Ben - the issue will be re-joining the full metadata back after the process. Contrast:


workflow {
    people = Channel.of(
        [name:"Rob", employer:"Seqera", loves:"Nextflow, and making Ben's life harder"],
        [name:"Ben", employer:"Seqera", loves:"Nextflow"],
        [name:"Paolo", employer:"Seqera", loves:"Nextflow"],
        [name:"Simon", employer:"NeoGenomics", loves:"Nextflow"]
    )

    people
    | map { person -> person.subMap('name', 'employer') }
    | DoSomething
    | join(people.map { person -> [person.subMap('name', 'employer'), person] })
    | map { _submap, txtFile, person -> [person, txtFile] }
    | view
}

process DoSomething {
    input: val(person)
    output: tuple val(person), path("${person.name}.txt")
    script:
    """
    echo "Hello ${person.name} from ${person.employer}" > ${person.name}.txt
    """
}

with

workflow {
    people = Channel.of(
        [name:"Rob", employer:"Seqera", loves:"Nextflow, and making Ben's life harder"],
        [name:"Ben", employer:"Seqera", loves:"Nextflow"],
        [name:"Paolo", employer:"Seqera", loves:"Nextflow"],
        [name:"Simon", employer:"NeoGenomics", loves:"Nextflow"]
    )
    | DoSomething
    | view
}

process DoSomething {
    cache { person.subMap('person', 'employer') }
    input: val(person)
    output: tuple val(person), path("${person.name}.txt")
    script:
    """
    echo "Hello ${person.name} from ${person.employer}" > ${person.name}.txt
    """
}

That said, the longer I think about it, I actually prefer the idea that a task's cache inputs should describe everything that you need to reconstruct the outputs.
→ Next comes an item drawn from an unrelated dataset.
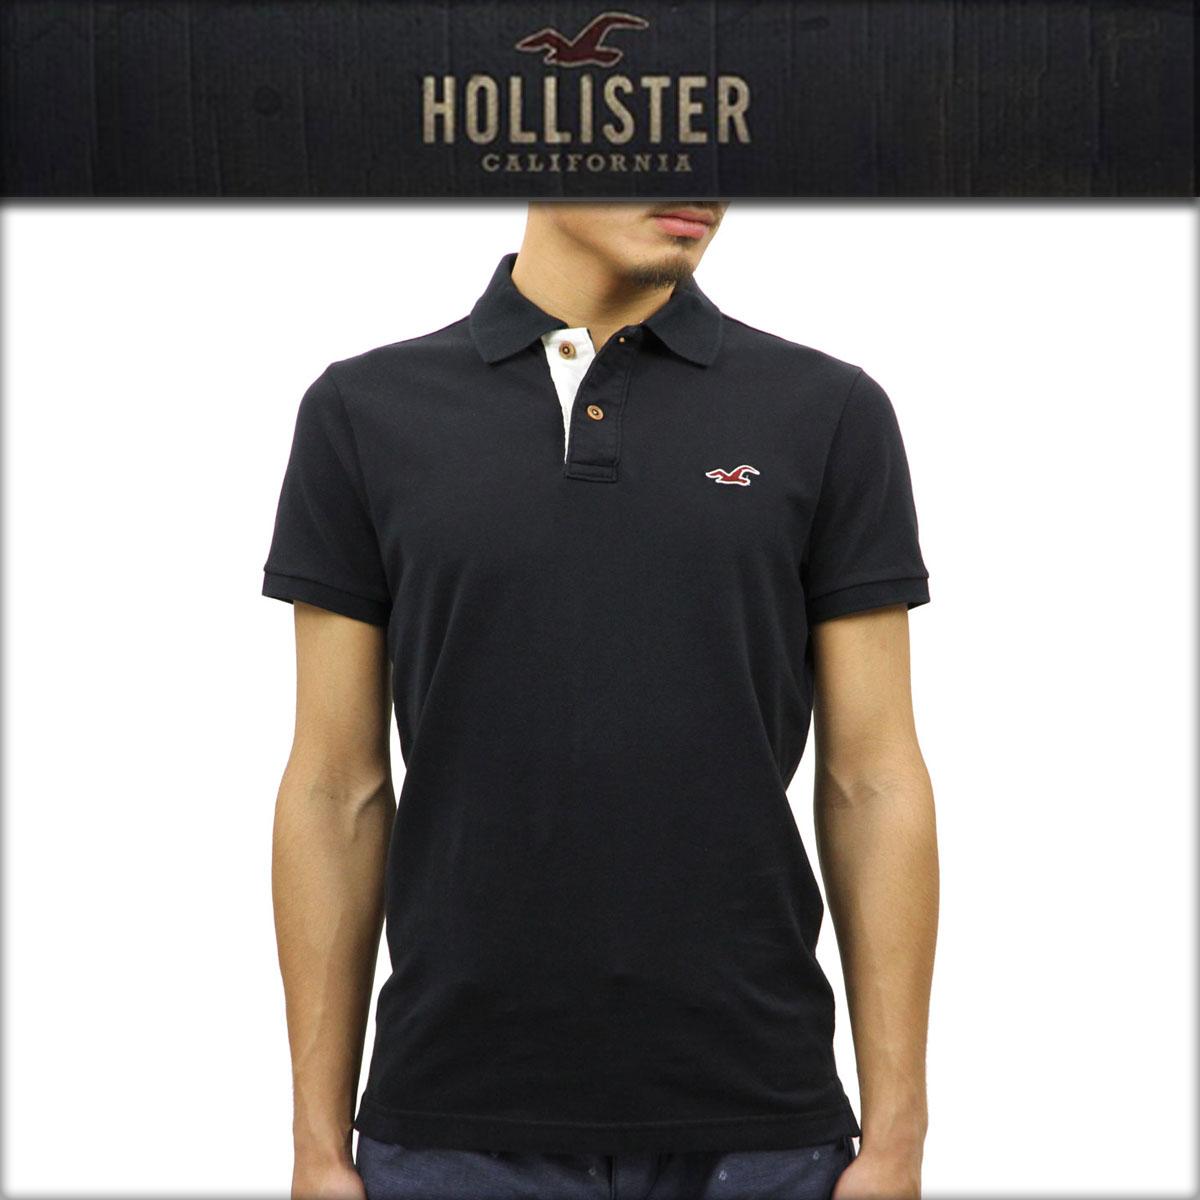 ホリスター HOLLISTER 正規品 メンズ 半袖ポロシャツ 父の日 Stretch Pique Icon Polo 321-364-0602-900

SPPearce commented 2 weeks ago

Exactly Rob. And it is easy to screw up the joins, because you need to ensure that you have exactly the right fields to map on (which is another bugbear of mine; it'd be really nice to have a join that will match [name:"Ben", employer:"Seqera", loves:"Nextflow"] with [name:"Ben", employer:"Seqera"]). Even better would be if the cache automatically detected only the fields of person that it actually used, but I realise that is a harder task.